“Monsieur is cynic...”
“Madame means obvious. Well: if I patter platitudes it is to conceal a sense of gratification.” Eve arched her eyebrows. “I mean, you have shown me that I share at least one quality with you: instinctive resentment of the voice of reason.”
She pronounced a plaintive “Mon Dieu!” and appealing to Heaven for compassion declared: “He means again to wrestle spiritually with me about the proper disposition of my jewels.”
“No, madame: pardon. I am contemplating a long series of exhaustive arguments designed to prove it your duty to leave your jewels where they are, in all their noble insecurity. This in the firm belief that to plead with you long enough to adopt this course will result in your going and doing otherwise out of sheer...”
“Perversity, monsieur?”
“Humanity, madame!”
Eve de Montalais laughed the charming, low-keyed laugh of a happily diverted woman.
“But spare yourself, monsieur. I surrender at discretion: I will do as you wish.”
“Truly? Rather than listen to my discourse, you actually agree to remove your jewels to a safe place?”

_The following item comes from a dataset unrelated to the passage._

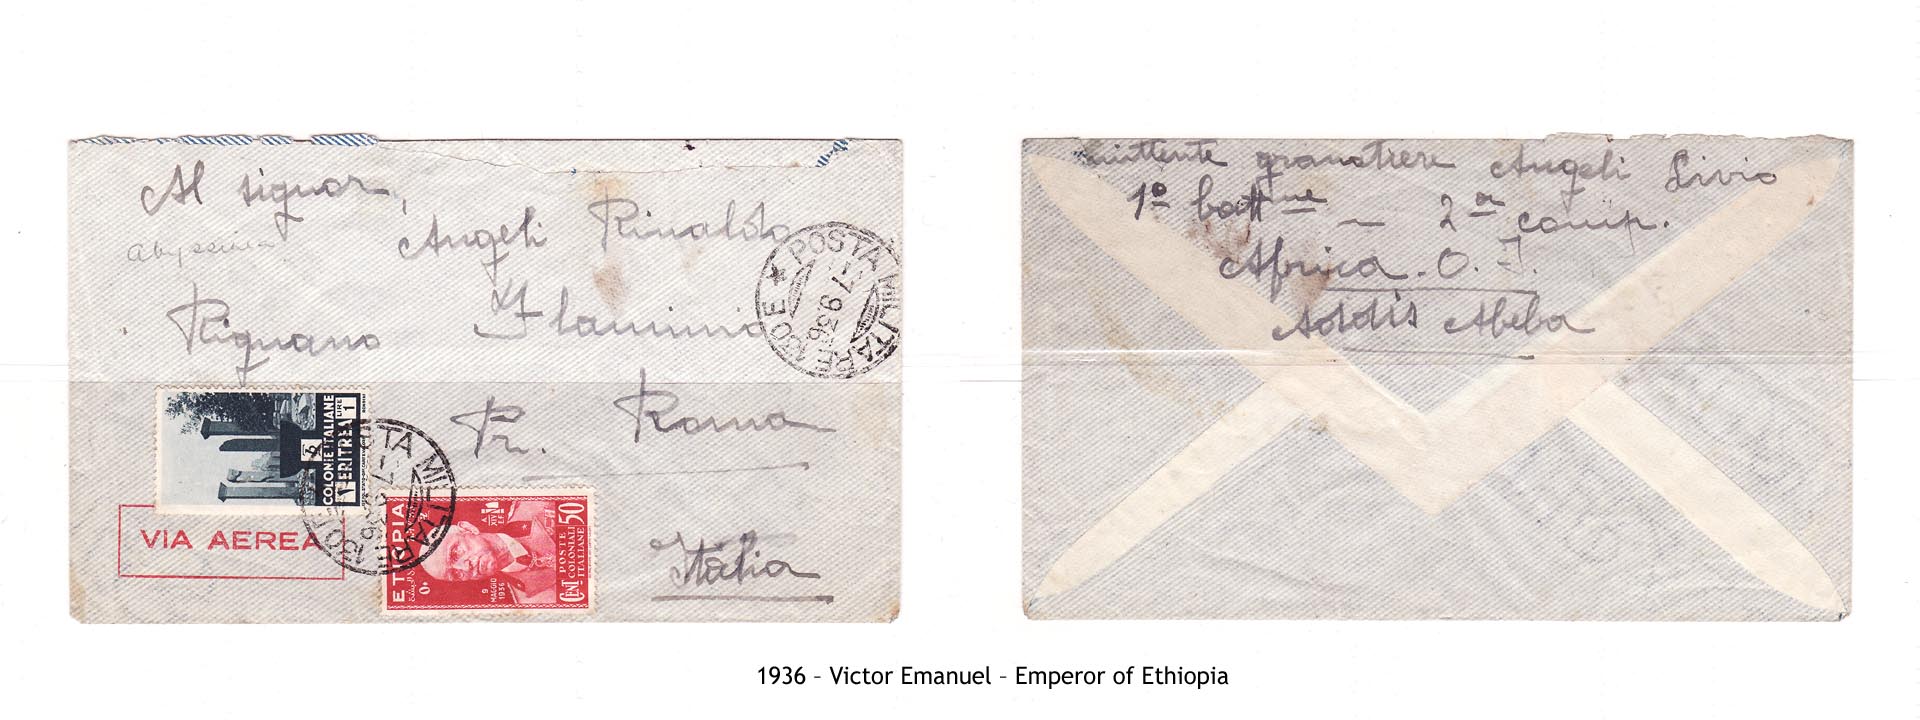 1936 – Etiopia Victor Emanuel – Emperor of Ethiopia

“Even so, monsieur. As soon as you are able to get about, and the Chateau de Montalais lacks a guest, I will leave Louise to take care of madame ma mere for a few days while I journey to Paris—”
“Alone?”
“But naturally.”
“Taking your jewels with you?”
“Why else do I go?”
“But, madame, you must not—”
“And why?”
“You, a woman! travel alone to Paris with a treasure in jewels? Ah, no! I should say not!”
“Monsieur is emphatic,” Eve suggested demurely.
“Monsieur means to be. Rather than let you run such a risk I would steal the jewels myself, convey them to Paris, put them in safe keeping, and send you the receipt.”
“What a lot of trouble monsieur would save me, if he would only be so kind as to do as he threatens.”
“And how amusing if he were arrested en route,” Duchemin supplemented with a wry smile.
“I am quite confident of your ability to elude the police, monsieur.”
“Do I hear you compliment me?”
“If you take it so...”
“But suppose you were not confident of my good will?”
“Impossible.”
“Madame is too flattering; one is sure she is too wise to put so great a temptation in the way of any man.”
“Monsieur is the reverse of flattering; he implies that one does not know where one can repose trust.”
“I must warn madame there are those in this world who would call her faith misplaced.”
“Doubtless. But what of that? Am I to distrust you because others might who do not know you so well?”
“But—madame—you can hardly claim to know me well.